Operator growth in 2d CFT

We investigate and characterize the dynamics of operator growth in irrational two-dimensional conformal field theories. By employing the oscillator realization of the Virasoro algebra and CFT states, we systematically implement the Lanczos algorithm and evaluate the Krylov complexity of simple operators (primaries and the stress tensor) under a unitary evolution protocol. Evolution of primary operators proceeds as a flow into the 'bath of descendants' of the Verma module. These descendants are labeled by integer partitions and have a one-to-one map to Young diagrams. This relationship allows us to rigorously formulate operator growth as paths spreading along the Young's lattice.

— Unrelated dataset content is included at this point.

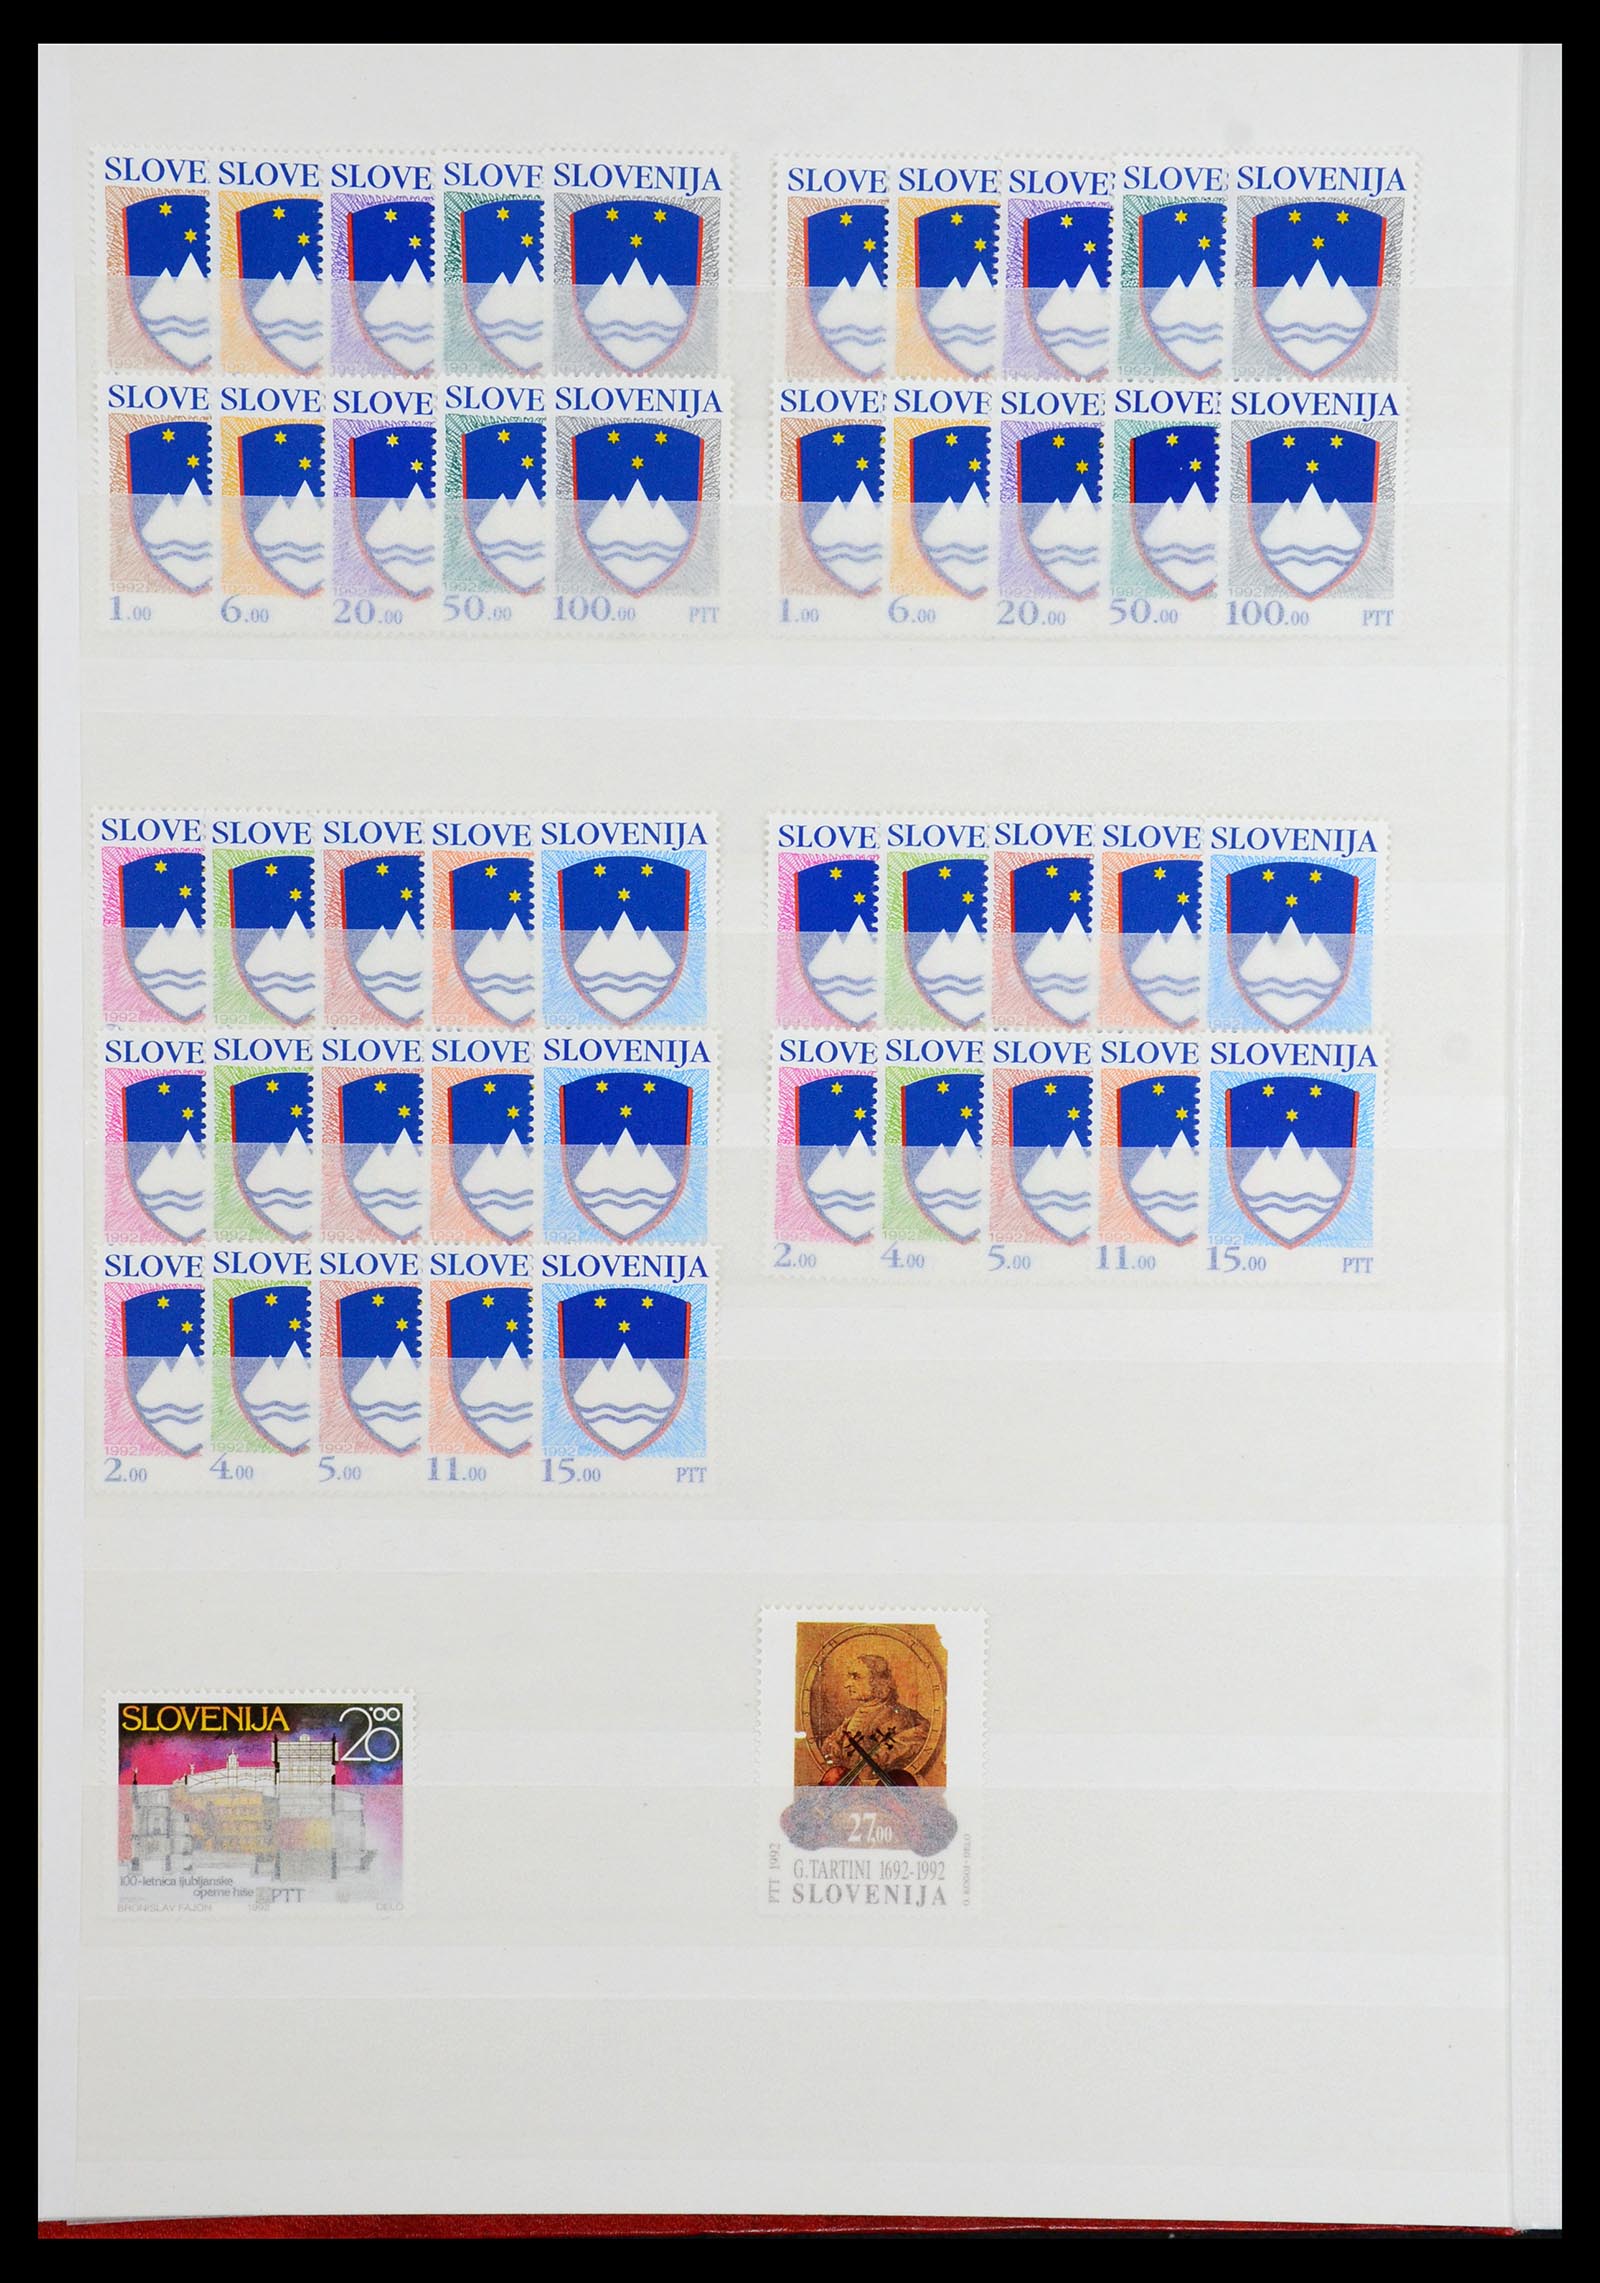 36461 002 - Stamp collection 36461 Slovenia, Croatia and Bosnia-Herzegovina MNH 1991

We extract quantitative features of these paths and also identify the one that saturates the conjectured upper bound on operator growth.

Automated summary

In this study, the dynamics of operator growth in irrational two-dimensional conformal field theories is systematically characterized using the oscillator realization of the Virasoro algebra and CFT states. The evolution of primary operators is found to flow into the 'bath of descendants' of the Verma module, which are labeled by integer partitions and have a one-to-one map to Young diagrams. The relationship between these descendants and Young diagrams rigorously formulates operator growth as paths spreading along the Young's lattice, with quantitative features extracted and a specific path identified that saturates the conjectured upper bound on operator growth.